Mathematical Topics	Activity Concepts	Appropriate Course
Game Theory	Prisoner's Dilemma activity and references to other NUMB3RS based game theory	Algebra 1, Algebra 2, Precalculus
Fractal Number	Chaos game	All Courses
Jump Bidding and Auction Theory	This topic may be a suitable basis for a class discussion	All Courses

Game Theory

In the beginning of the episode, Charlie says to his class "People wonder how game theory can be applied to casual relationships. With friends, what’s the strategic goal? There’s no commodity being sought, right? But, actually even the most causal relationship is built around a very important commodity: information. When a friend shares information, they place a value on our intention not to use it against them. And we are expected to share our information with them. We call this symmetrical information, and it’s the foundation of partnerships between countries, corporations, lovers, and…friends."

The following NUMB3RS episodes and activities relate to game theory:

Tic-Tac-Toe from episode #302 "Spree, part II" students explore variations on the game of tic-tac-toe, looking for winning strategies. Winning strategies are a set of moves that guarantee a win, regardless of what moves the opponent makes.
The Escape Game from episode #201 "Assassin" students explore an example from behavioral game theory where the motives of two players are contradictory and the behavior of one player affects the behavior of the other. The extensions to this activity feature the Prisoner's Dilemma and the well-known game Rock, Paper, Scissors.

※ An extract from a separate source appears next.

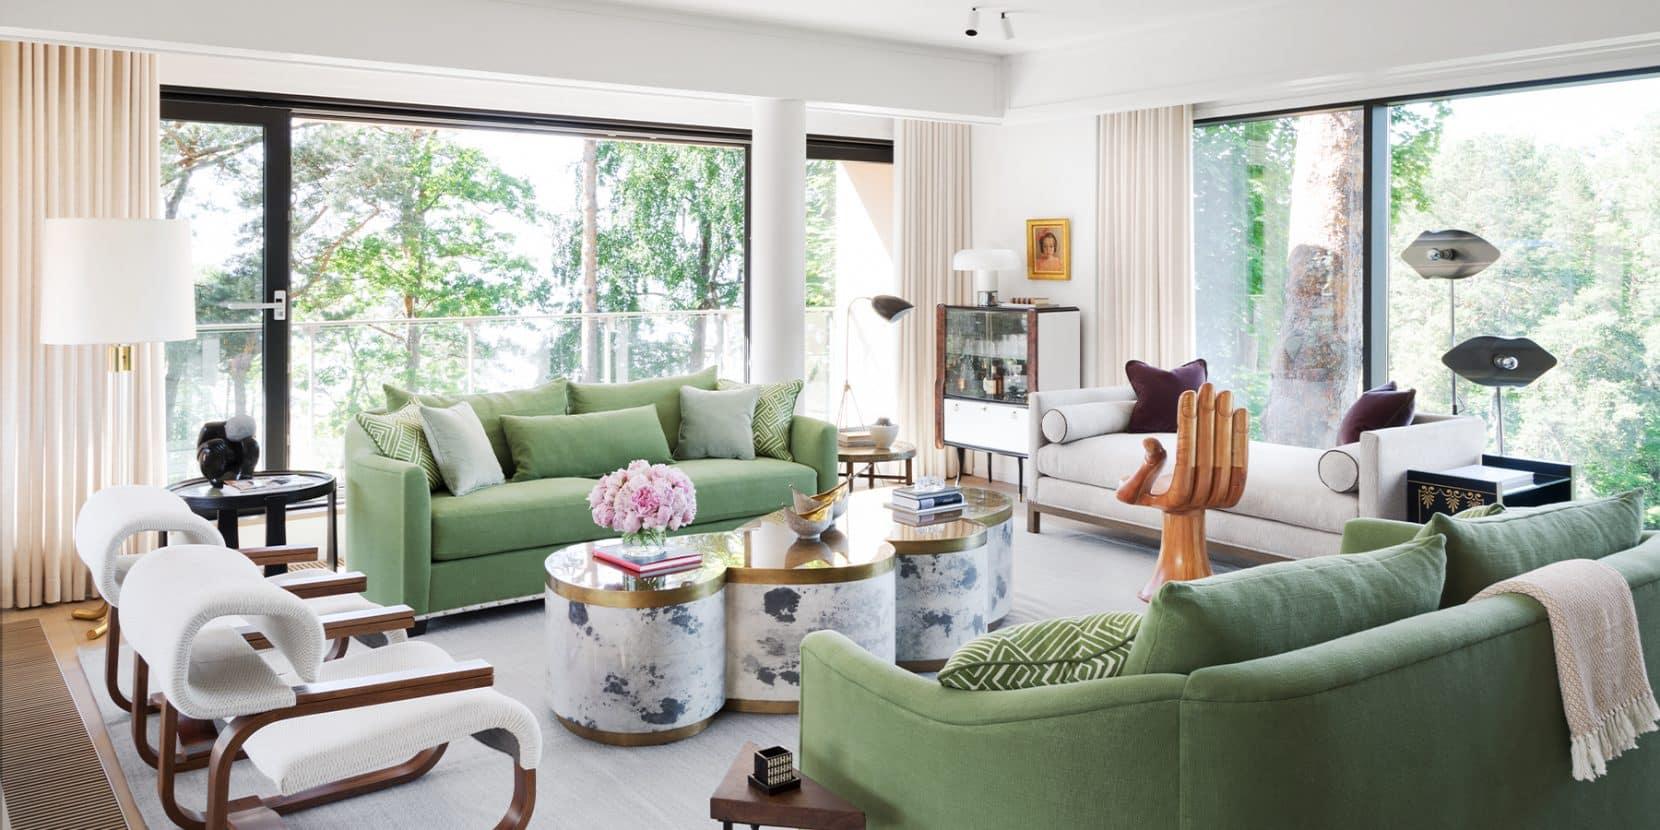 Interior designer Sergejs Ogurcovs SOG Interiors Saulkrasti beach resort Latvia living room

The concept of a zero-sum game is introduced.
To C or Not to C from episode #321 "The Art of Reckoning" also features the Prisoner's Dilemma. In this activity, students test different strategies for the Prisoner's Dilemma.
The NUMB3RS blog for episode #401 "Trust Metric" also focused on game theory. The blog included a discussion of Nash Equilibria and gave an example of a Trust Metric. This example illustrates how game theory can be applied to casual relationships as Charlie mentions in the episode.

Prisoner's Dilemma activity: Two students, Tori and Malcolm, are charged with violating a school's honor code. They are questioned separately by the principal and have no contact with each other. The principal has evidence linking either just one or both students to the violation. The principal tells each student that if they both deny doing anything wrong they will each be suspended for 3 days. If one of them confesses and testifies against the other student, then the student who confesses will not be suspended and the other student will be suspended for 10 days. But if both confess to the violation, they will each be suspended for 6 days.

a) If you were Tori in this situation and you were innocent of the charge, what would you do?
b) If you were Malcolm in this situation and were guilty of the charge, what would you do?
c) Do you think the principal acted ethically?

Fractal Number

A high-value comic was stolen, and then found hours later on the black-market- along with several other copies of the same comic. Obviously, all but one is a forgery, but which one? Charlie offers to determine a fractal number estimate to determine the real from the fake. As Charlie says,

"Fractal Number Estimate. It’s based on Mandelbrot’s use of fractal dimension to measure the jaggedness of a coastline. It’s been used to detect forged handwriting, but we’re applying it because hand-drawn art can be evaluated with the same process. We use the fractal dimension analysis to evaluate the "wrinkliness" of the lines. An authentic piece of handwriting or drawing will have a smoother ink edge than one that is forged. Movements of the hand are fast and fluid, minimizing contact between paper and pen. The faster the hand movement, the smoother the edges of the ink. When someone copies the signature they imitate the movements. It’s not natural for the forger, thus slower. The slower the pen, the longer the contact with the paper, allowing more ink to be absorbed. Creating a more irregular or wrinkly edge. Fractal Dimension allows us to compare the wrinkliness and detect which is the fake."

Fractal classroom activity: Using a permanent marker, place three dots on an overhead transparency (one for each group of students in your class) at the vertices of a large triangle. Make sure that the dots are in exactly the same places on each of the transparencies. Give each group one of the transparencies, a die, a ruler, a dry erase marker (ideally with a small tip), and 6 punched paper holes from a hole puncher.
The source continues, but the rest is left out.